DSA-1830-1 icedove -- several vulnerabilities

Date Reported:
12 Jul 2009
Affected Packages:
icedove
Vulnerable:
Yes
Security database references:
In Mitre's CVE dictionary: CVE-2009-0040, CVE-2009-0352, CVE-2009-0353, CVE-2009-0652, CVE-2009-0771, CVE-2009-0772, CVE-2009-0773, CVE-2009-0774, CVE-2009-0776, CVE-2009-1302, CVE-2009-1303, CVE-2009-1307, CVE-2009-1832, CVE-2009-1392, CVE-2009-1836, CVE-2009-1838, CVE-2009-1841.
More information:

Several remote vulnerabilities have been discovered in the Icedove mail client, an unbranded version of the Thunderbird mail client.
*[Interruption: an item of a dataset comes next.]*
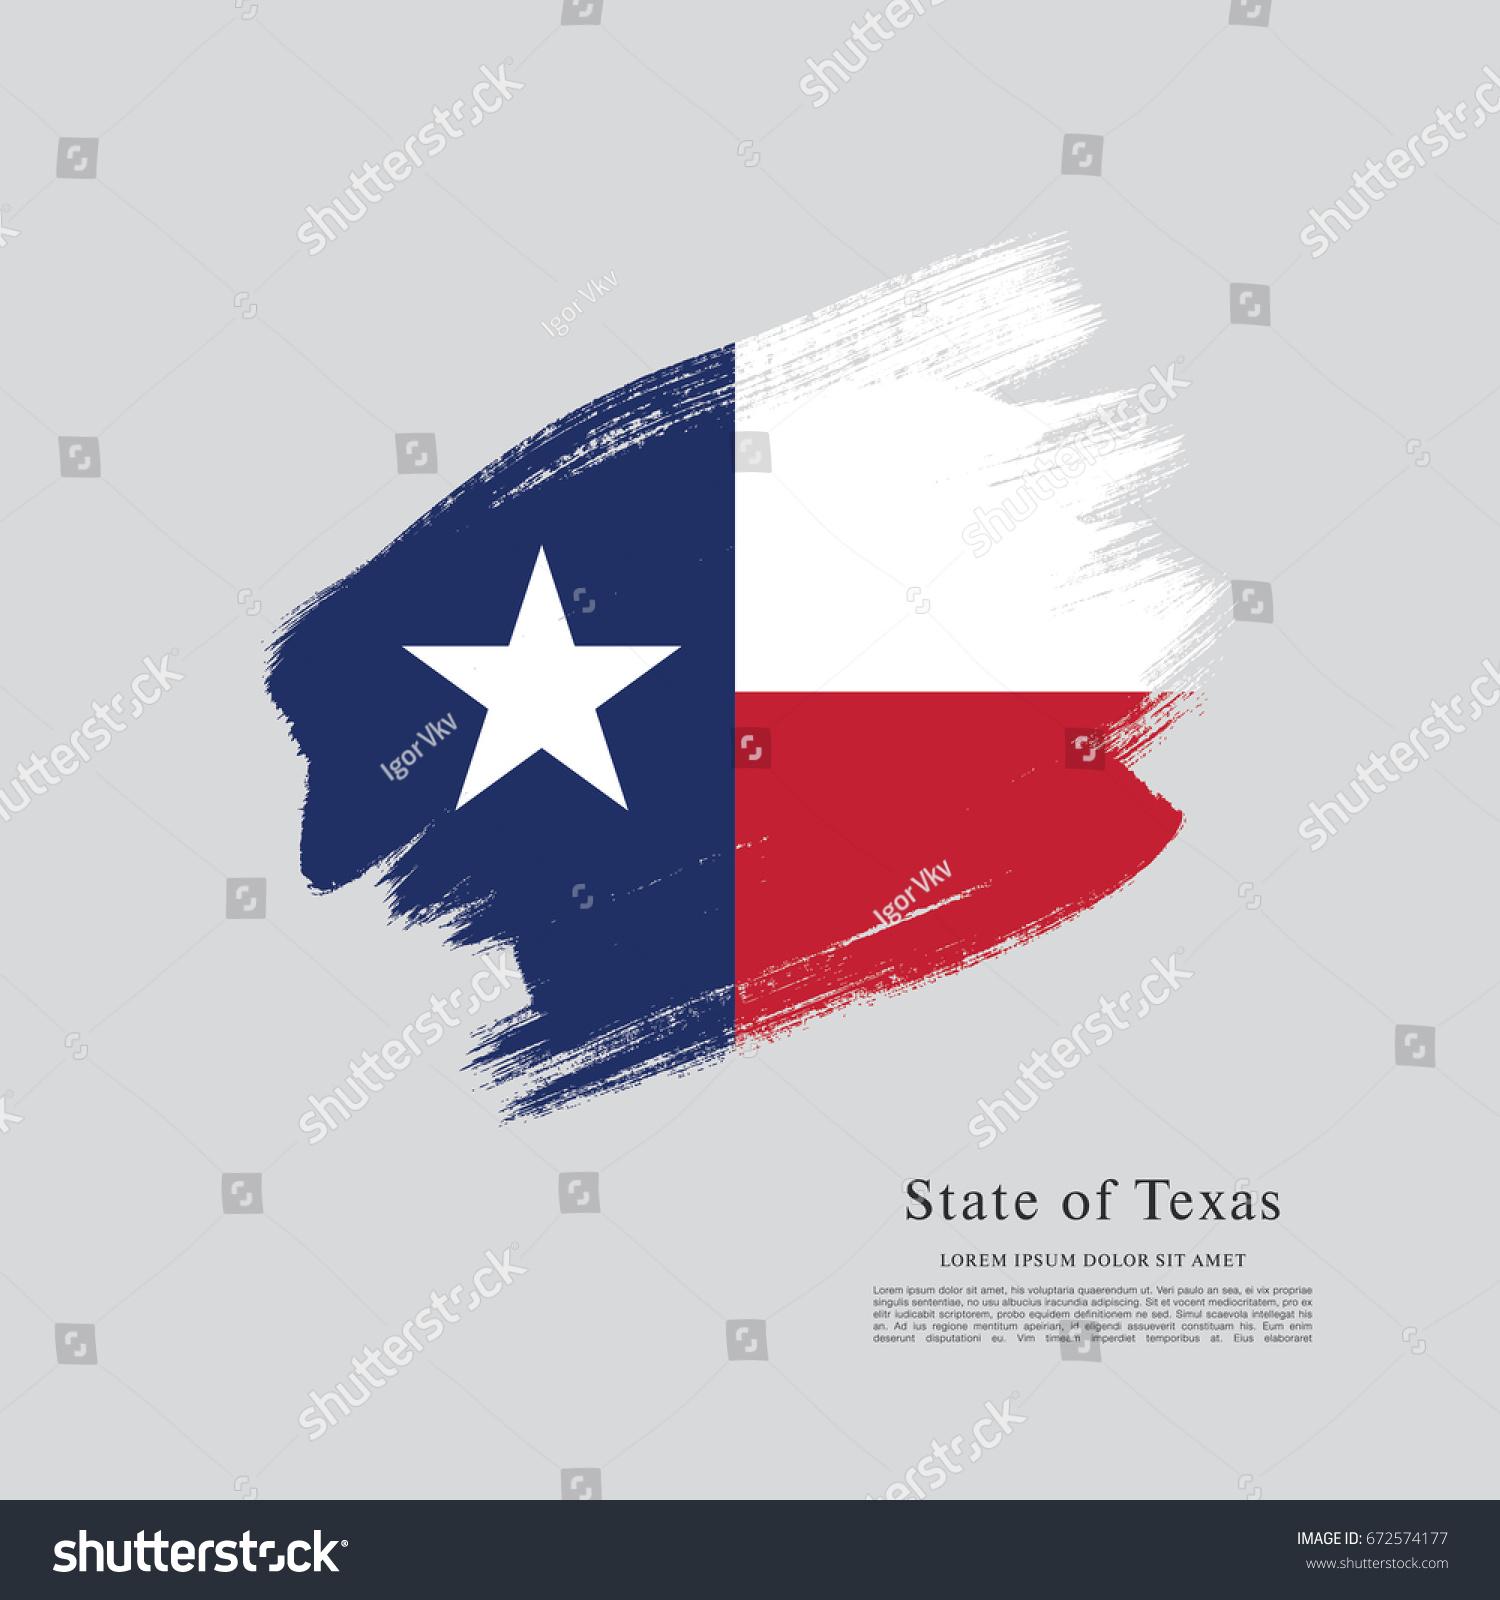 Flag Texas United States America Vector de stock672574177: Shutterstock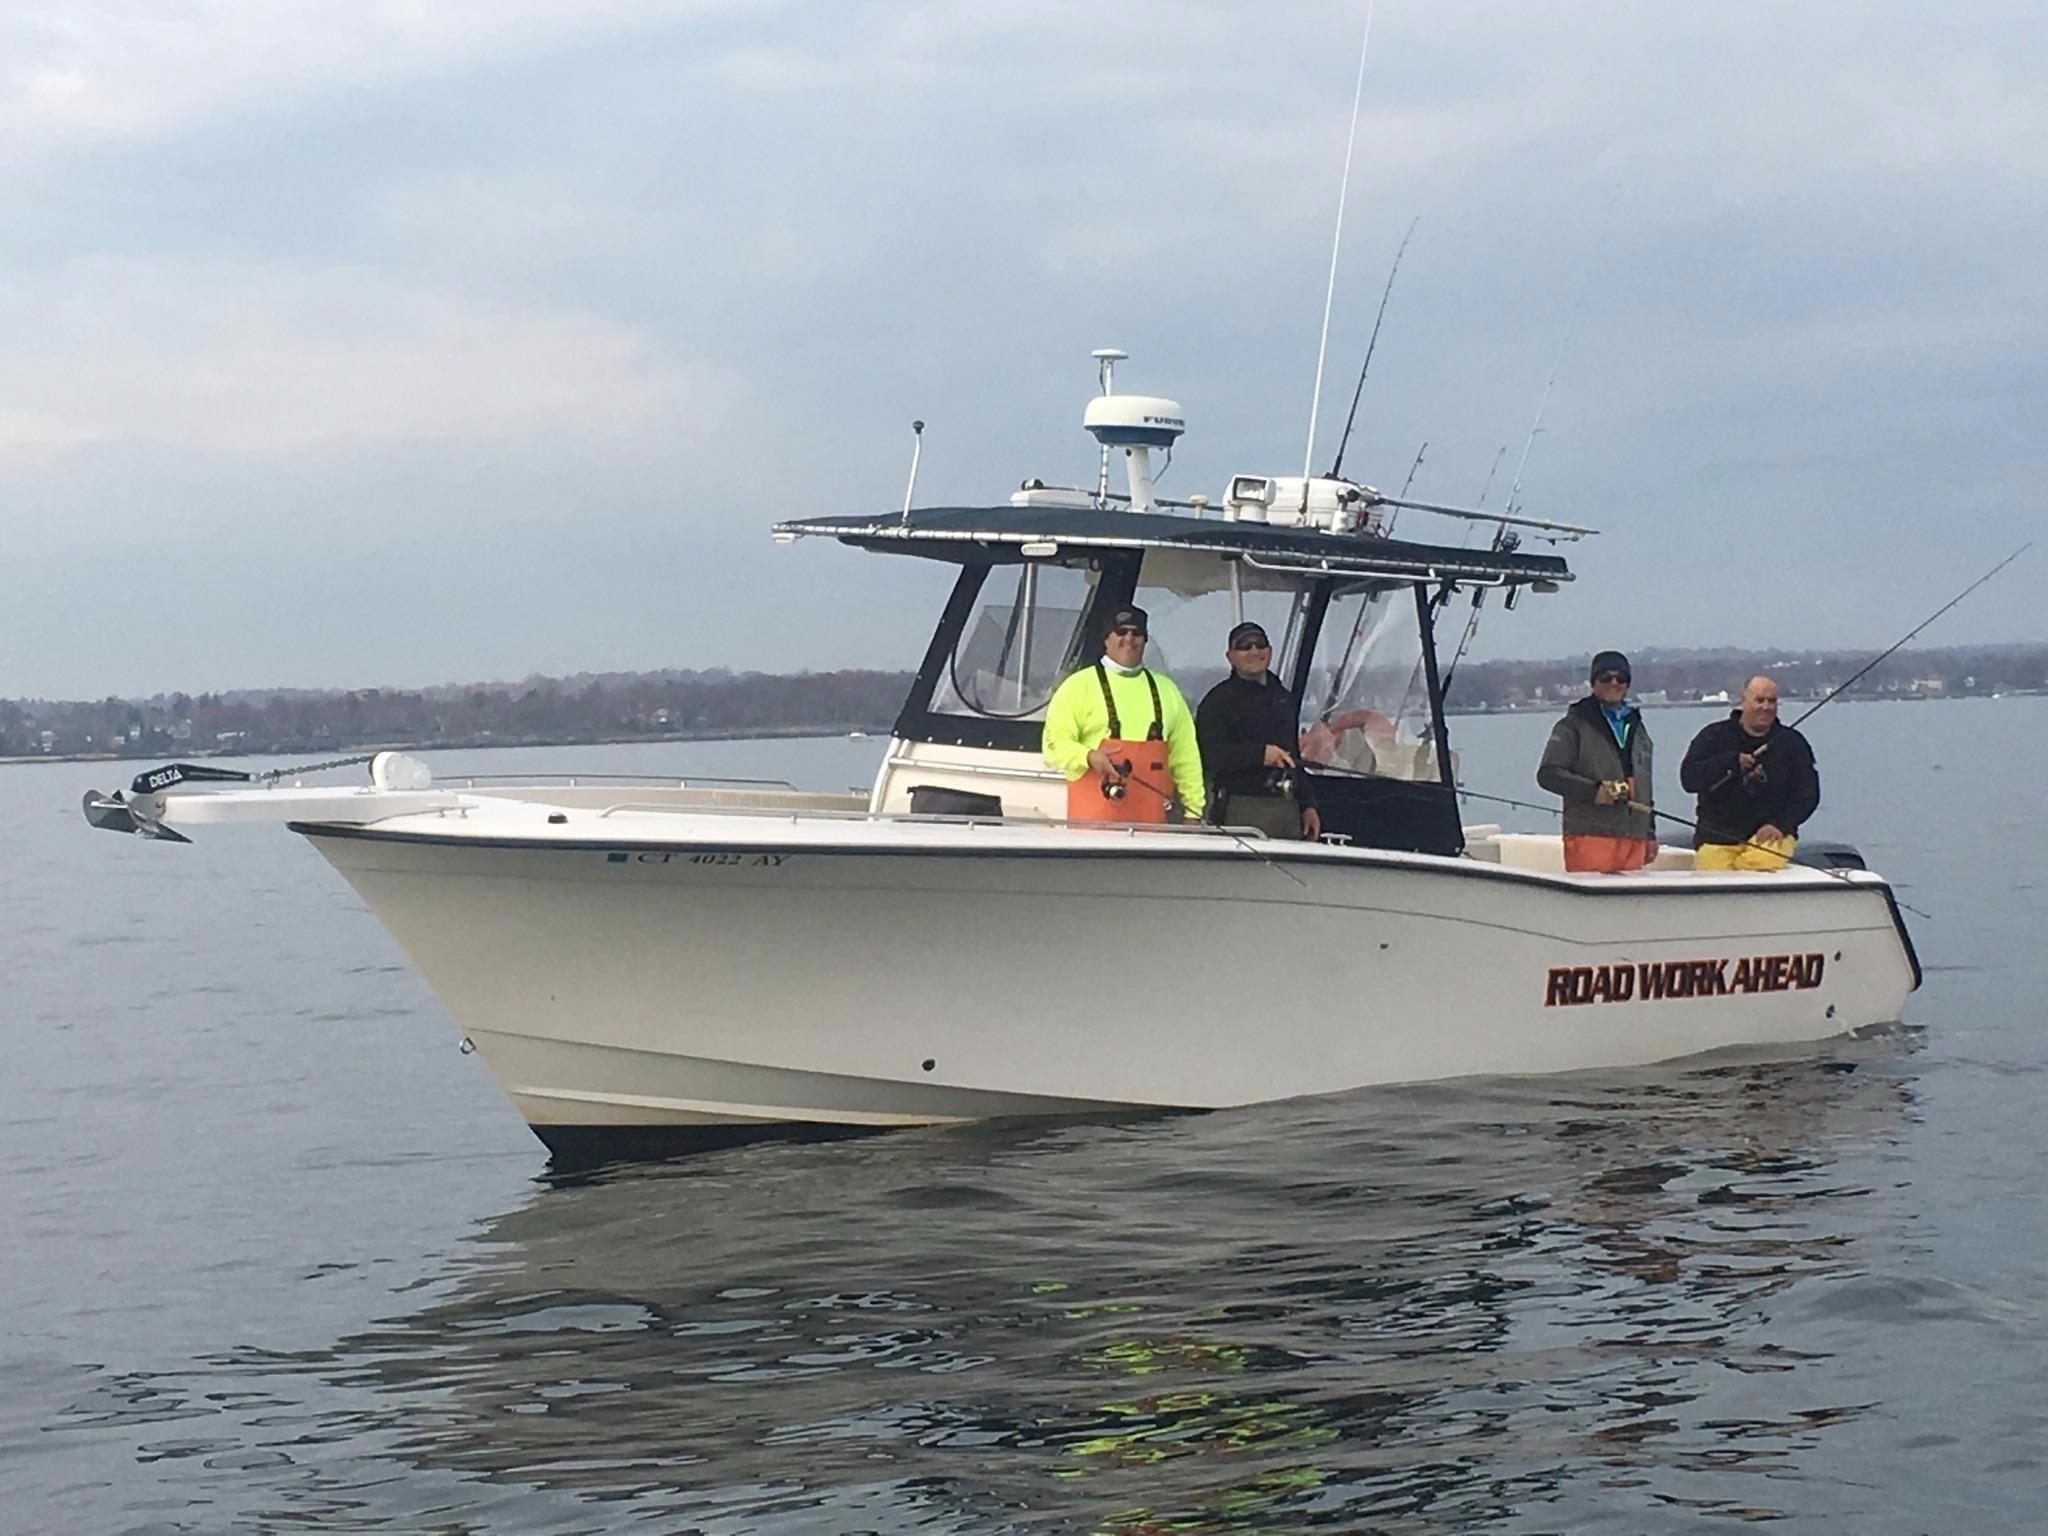 2003 grady white bimini 306 motore barca in vendita www for Bimini fishing charters

The Common Vulnerabilities and Exposures project identifies the following problems:

  • CVE-2009-0040

    The execution of arbitrary code might be possible via a crafted PNG file that triggers a free of an uninitialized pointer in (1) the png_read_png function, (2) pCAL chunk handling, or (3) setup of 16-bit gamma tables. (MFSA 2009-10)

  • CVE-2009-0352

    It is possible to execute arbitrary code via vectors related to the layout engine. (MFSA 2009-01)

  • CVE-2009-0353

    It is possible to execute arbitrary code via vectors related to the JavaScript engine. (MFSA 2009-01)

  • CVE-2009-0652

    Bjoern Hoehrmann and Moxie Marlinspike discovered a possible spoofing attack via Unicode box drawing characters in internationalized domain names. (MFSA 2009-15)

  • CVE-2009-0771

    Memory corruption and assertion failures have been discovered in the layout engine, leading to the possible execution of arbitrary code. (MFSA 2009-07)

  • CVE-2009-0772

    The layout engine allows the execution of arbitrary code in vectors related to nsCSSStyleSheet::GetOwnerNode, events, and garbage collection. (MFSA 2009-07)

  • CVE-2009-0773

    The JavaScript engine is prone to the execution of arbitrary code via several vectors. (MFSA 2009-07)

  • CVE-2009-0774

    The layout engine allows the execution of arbitrary code via vectors related to gczeal. (MFSA 2009-07)

  • CVE-2009-0776

    Georgi Guninski discovered that it is possible to obtain xml data via an issue related to the nsIRDFService. (MFSA 2009-09)

  • CVE-2009-1302

    The browser engine is prone to a possible memory corruption via several vectors. (MFSA 2009-14)

  • CVE-2009-1303

    The browser engine is prone to a possible memory corruption via the nsSVGElement::BindToTree function. (MFSA 2009-14)

  • CVE-2009-1307

    Gregory Fleischer discovered that it is possible to bypass the Same Origin Policy when opening a Flash file via the view-source: scheme. (MFSA 2009-17)

  • CVE-2009-1832

    The possible arbitrary execution of code was discovered via vectors involving "double frame construction." (MFSA 2009-24)

  • CVE-2009-1392

    Several issues were discovered in the browser engine as used by icedove, which could lead to the possible execution of arbitrary code. (MFSA 2009-24)

  • CVE-2009-1836

    Shuo Chen, Ziqing Mao, Yi-Min Wang and Ming Zhang reported a potential man-in-the-middle attack, when using a proxy due to insufficient checks on a certain proxy response. (MFSA 2009-27)

  • CVE-2009-1838

    moz_bug_r_a4 discovered that it is possible to execute arbitrary JavaScript with chrome privileges due to an error in the garbage collection implementation. (MFSA 2009-29)

  • CVE-2009-1841

    moz_bug_r_a4 reported that it is possible for scripts from page content to run with elevated privileges and thus potentially executing arbitrary code with the object's chrome privileges. (MFSA 2009-32)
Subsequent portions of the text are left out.